D. H. Boelter and G. R. Blake2

ABSTRACT

Methods for evaluating water contents and bulk densities of several different peats are compared. Because bulk densities (saturated volume basis) of moss, herbaceous, and aggregated peats varied from 0.028 to 0.249 g. per cc., a highly distorted impression of the amount of water actually held under field conditions is given if water values are expressed on an oven-dry weight basis.

On a wet-volume basis, moss peat held only 10 to 20% more water at saturation than did herbaceous and aggregated peat and retained less water than they did at higher suctions. Between 0.1 and 15 bars, moss peat retained about one-quarter the volume of water of a medium-textured mineral soil, Barnes loam.
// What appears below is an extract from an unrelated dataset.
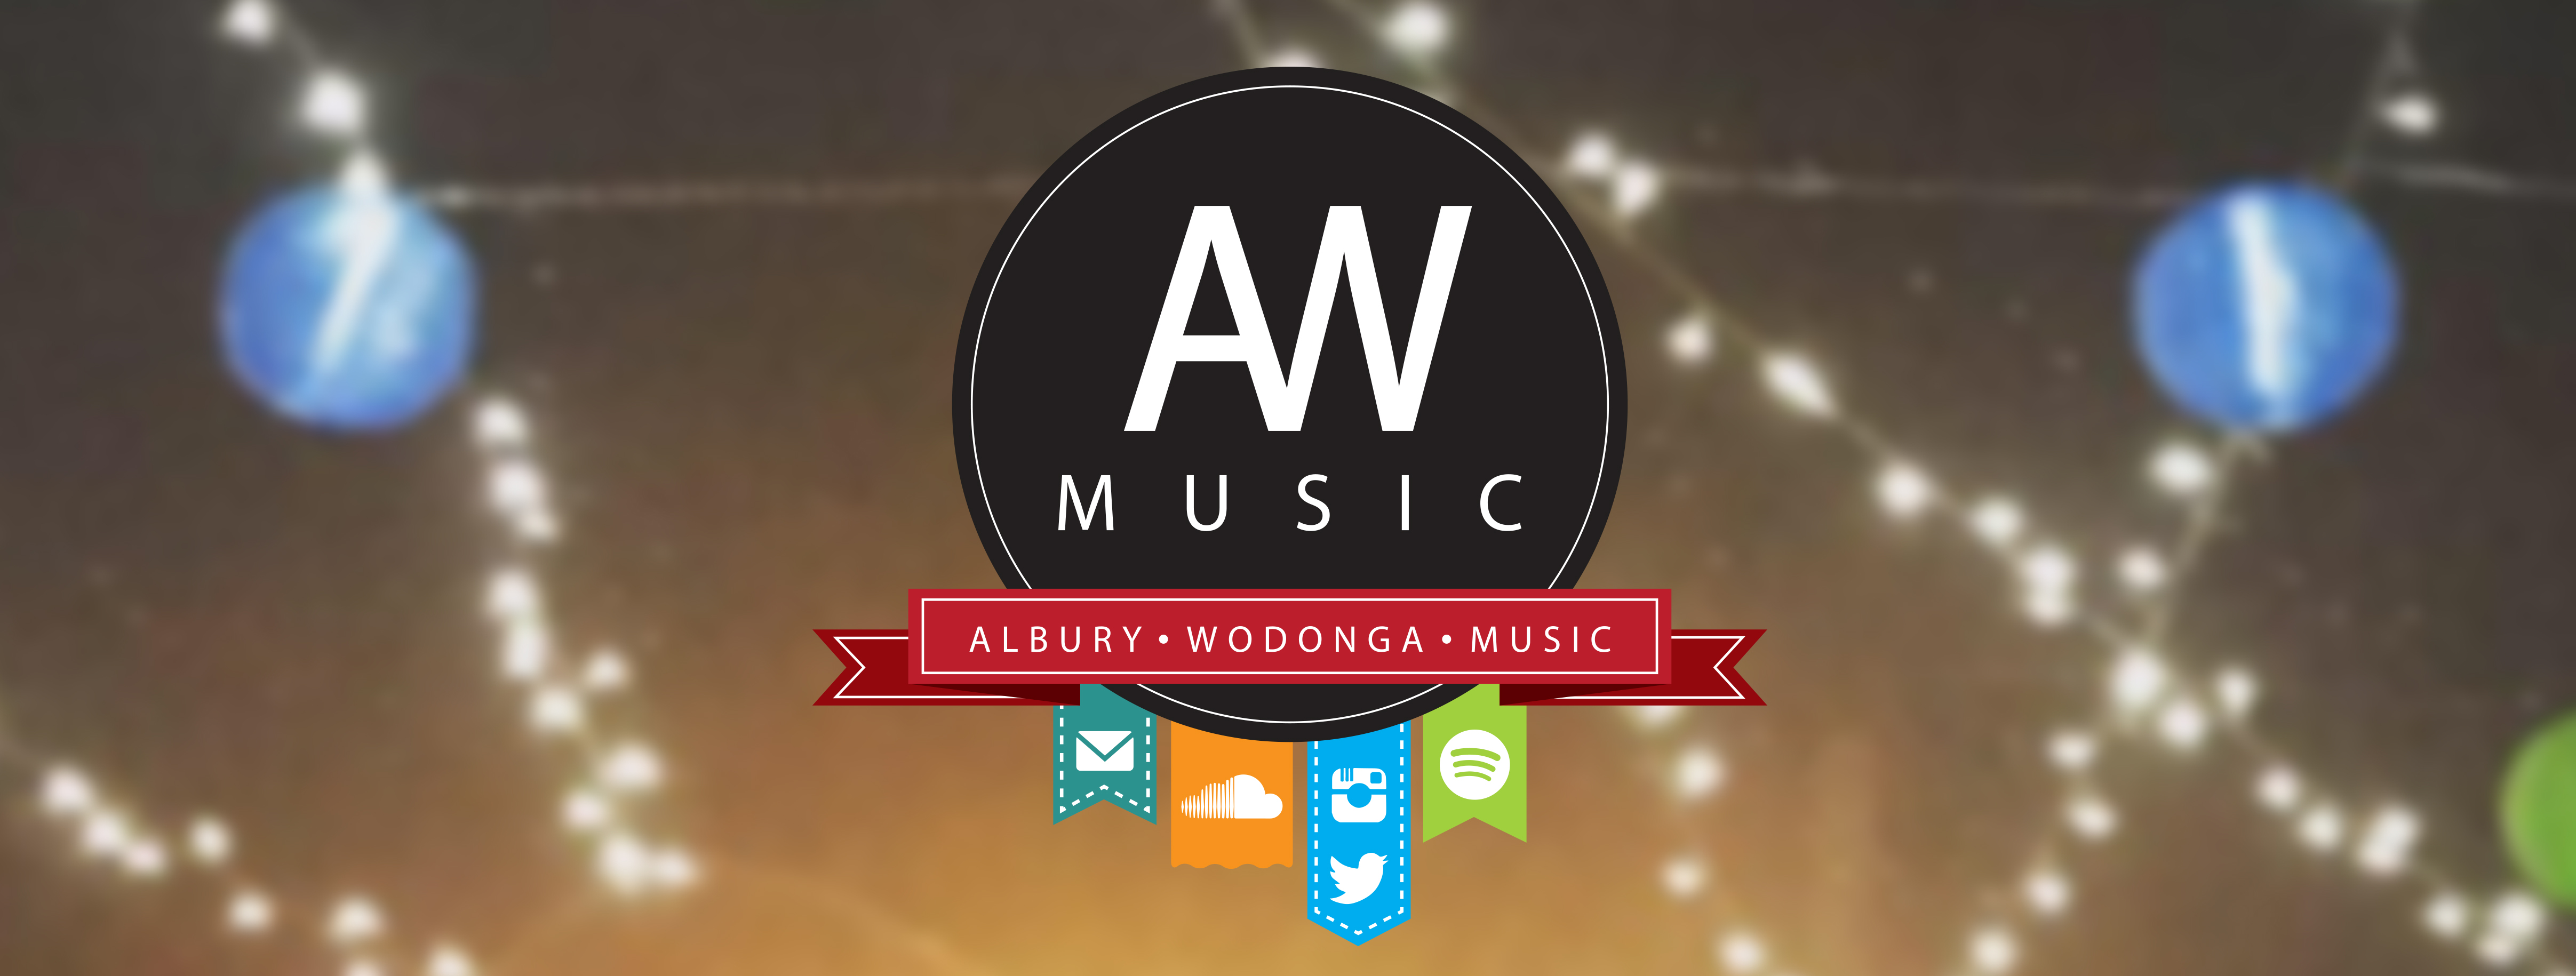 ALBURY / WODONGA MUSIC: NEWS

Since considerable volume reduction occurs on drying, bulk density of oven-dry peat, Db (dry volume basis), represents an artificial condition rarely, if ever, occurring in undrained bogs. Bulk densities must, therefore, be calculated on the basis of the wet bulk volume and are referred to as Db (wet bulk volume). A more precise expression of degree of wetness may be substituted for "wet" in the wet volume basis term.


NOTES

1 Contribution from the Lake States Forest Experiment Station, Forest Service, USDA, St. Paul, Minn., and the University of Minnesota Agr. Exp. Sta. (Scientific Journal Series No. 5134). Presented before Div. V-A, Soil Science Society of America, Aug. 21, 1962, at Ithaca, N.Y.

2 Respectively, Soil Scientist, Lake States Forest Exp. Sta.; and Professor of Soil Science, University of Minnesota, St. Paul, Minn.

Received for publication June 17, 1963. Accepted for publication September 18, 1963.